The Torah teaches that meat and milk cannot be cooked together, statingon three separate occasions “Thou shalt not seethe a kid in its mother’s milk” (Shemot 23:19, 34:26, Devarim 14:21).
Two opinions in the Mishnah (daf, or page 113) limit the types of meat that cannot be cooked with milk. According toRabbi Akiva, given the emphasis on “a kid” neither fowl nor wild animals are forbidden by the Torah with milk; only domesticated animals are included in the prohibition. Rabbi Yossi ha-Galilee rules that birds are excluded from the prohibition since they are not mammals and cannot be cooked in its mother’s milk.
On today’s daf, the Gemara offers two possible differences between these two opinions.
- Rabbi Yossi ha-Galilee believes that wild animals are included in the Biblical prohibition, while Rabbi Akiva believes they are forbidden only by the Sages.
- Rabbi Akiva believes that both wild animals and fowl are forbidden by the Sages, while Rabbi Yossi ha-Galilee believes that fowl can be cooked with milk – there is no prohibition whatsoever.
To support the second explanation, the Gemara relates the following story:
In the place of Rabbi Yossi ha-Galilee they used to eat fowl’s flesh cooked in milk.
Levi once visited the house of Joseph the fowler, and was served with a peacock’s head cooked in milk and said nothing to them about it.When he came to Rabbi and related this. Rabbi said to him: Why did you not lay them under a ban? He replied. Because it was the place of Rabbi Yehudah ben Beteira and I imagine that he must have expounded to them the view of Rabbi Yossi ha-Galilee who said: a fowl is excluded since it has no mother’s milk.
In his responsa the Rivash writes that we can learn an important lesson from this story. It appears that both Levi and Rabbi had solid traditions that we do not follow Rabbi Yossi ha-Galilee’s ruling and that fowl cannot be cooked with milk.

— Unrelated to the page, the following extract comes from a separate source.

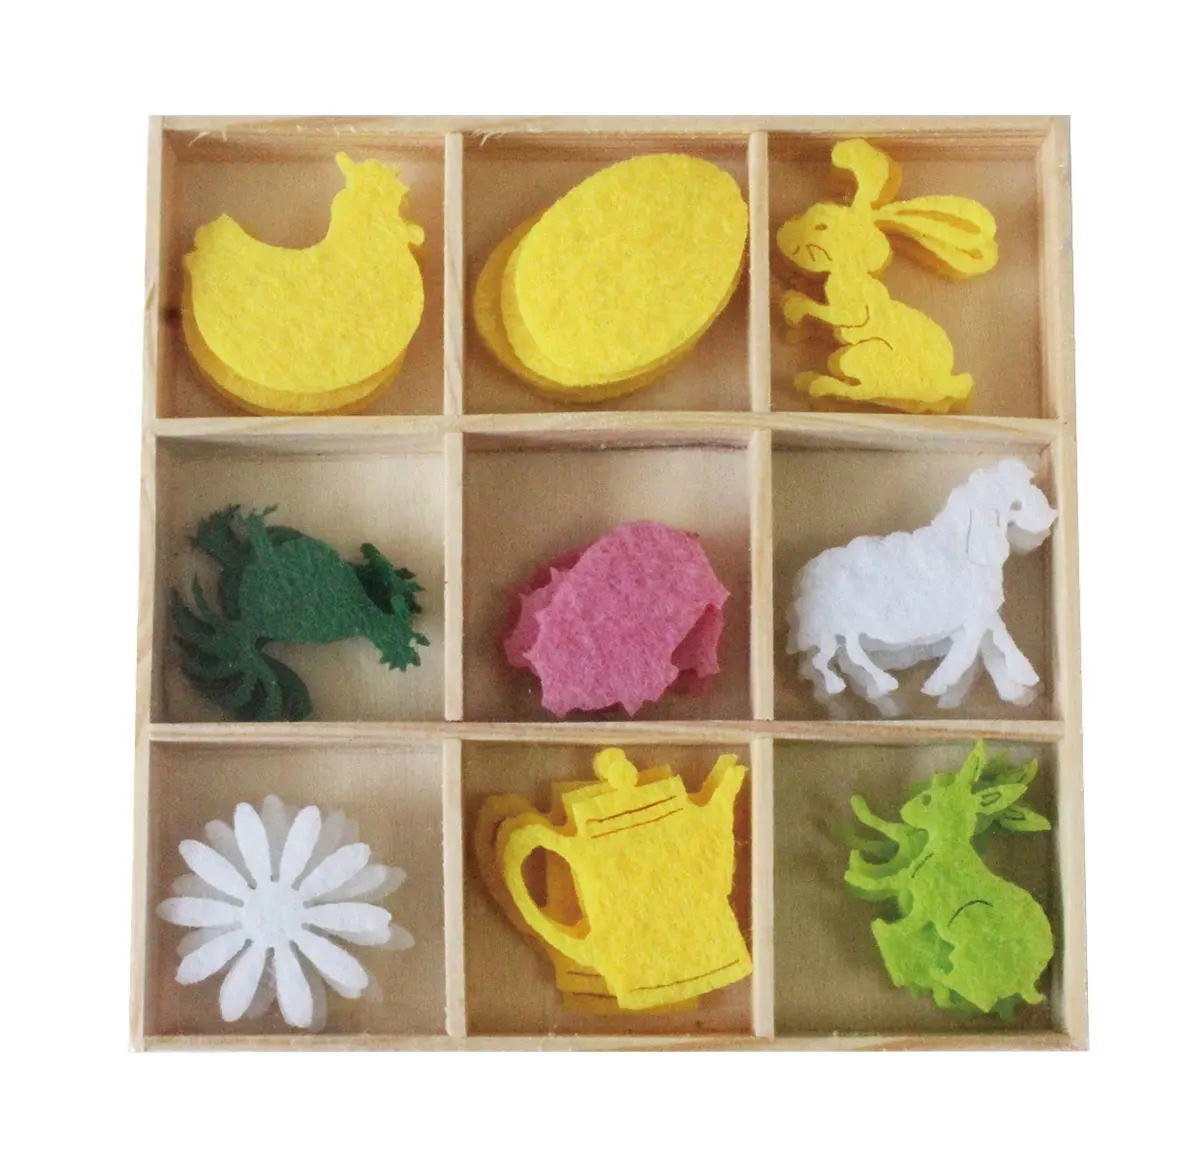 Kotak Kayu Desain Warna-warni 23472 36 Buah Bentuk Dekorasi Kerajinan Kain Wol dengan Hati Cinta Hewan Kupu-kupu

Furthermore, as the leading Rabbinic figures of that generation, had they objected to the practice it is likely that the community would have refrained from cooking fowl with milk. Nevertheless, these Rabbis recognized that the community may have been following a valid – albeit a rejected – position, so they refrained from objection or rebuke. How much more so in our generation, when there are a variety of traditions and oftentimes the proper ruling is not clear, we must be hesitant in our rebuke of others whose traditions do not follow our own.